Partial Sum Minimization of Singular Values Representation on Grassmann Manifolds
This work addresses subspace clustering for data with non-linear manifold structures, such as video analysis, but it is incremental as it builds upon existing low rank representation methods.
The paper tackled subspace clustering for high-dimensional data on Grassmann manifolds by proposing an extended low rank representation model that minimizes partial sums of singular values and integrates a Laplacian penalty, resulting in improved performance over state-of-the-art methods on human action video and scenery datasets.

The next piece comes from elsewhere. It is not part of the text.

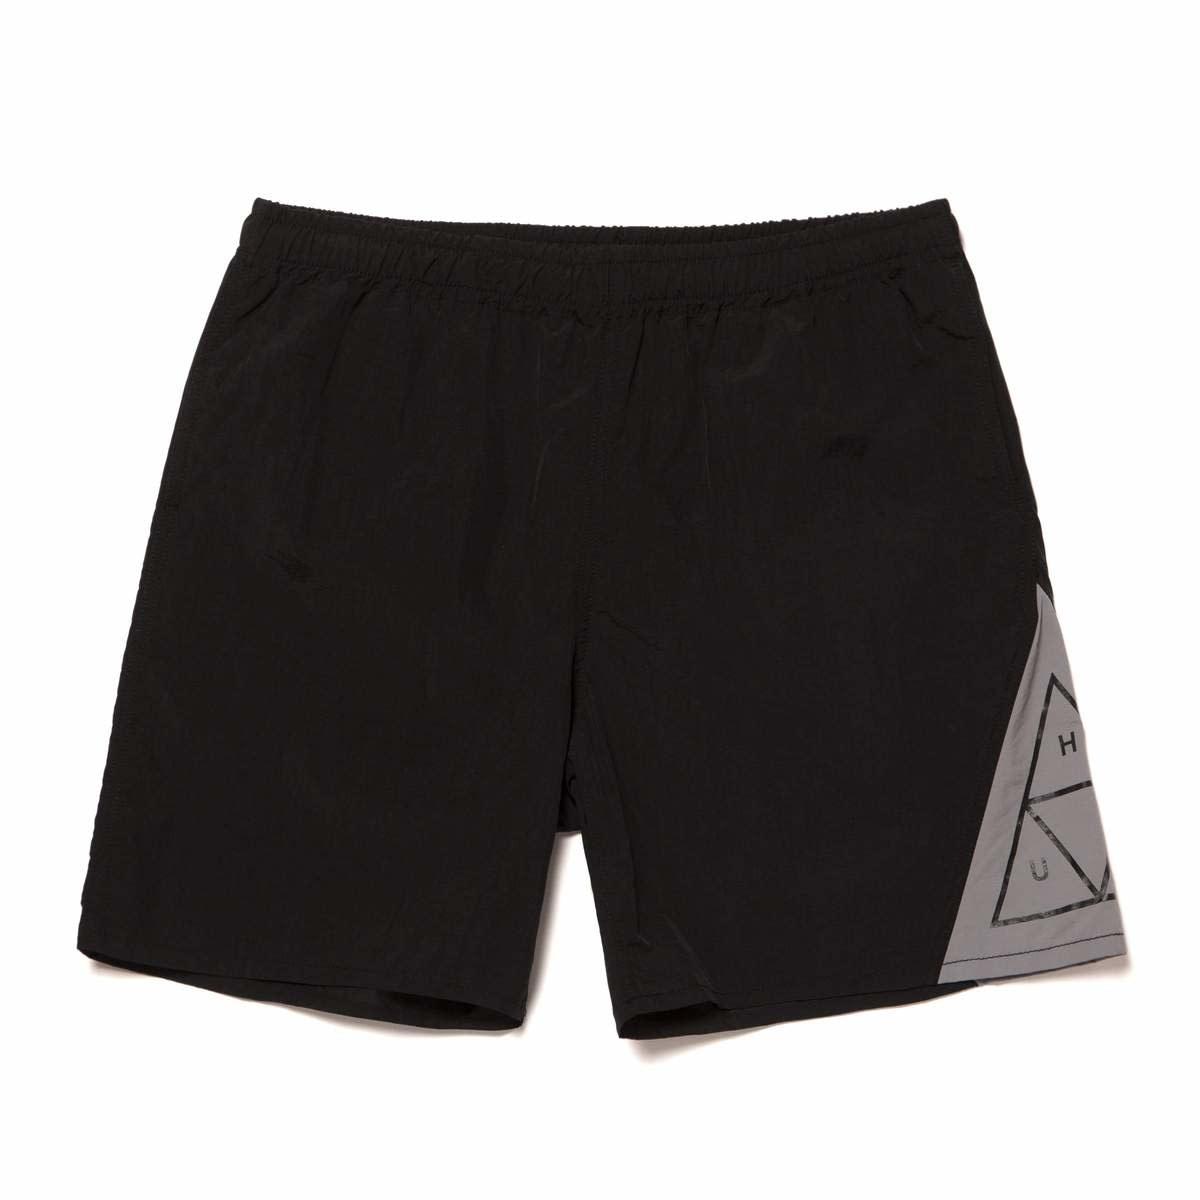 HUF TT Hybrid Short Black

As a significant subspace clustering method, low rank representation (LRR) has attracted great attention in recent years. To further improve the performance of LRR and extend its applications, there are several issues to be resolved. The nuclear norm in LRR does not sufficiently use the prior knowledge of the rank which is known in many practical problems. The LRR is designed for vectorial data from linear spaces, thus not suitable for high dimensional data with intrinsic non-linear manifold structure. This paper proposes an extended LRR model for manifold-valued Grassmann data which incorporates prior knowledge by minimizing partial sum of singular values instead of the nuclear norm, namely Partial Sum minimization of Singular Values Representation (GPSSVR). The new model not only enforces the global structure of data in low rank, but also retains important information by minimizing only smaller singular values. To further maintain the local structures among Grassmann points, we also integrate the Laplacian penalty with GPSSVR. An effective algorithm is proposed to solve the optimization problem based on the GPSSVR model. The proposed model and algorithms are assessed on some widely used human action video datasets and a real scenery dataset. The experimental results show that the proposed methods obviously outperform other state-of-the-art methods.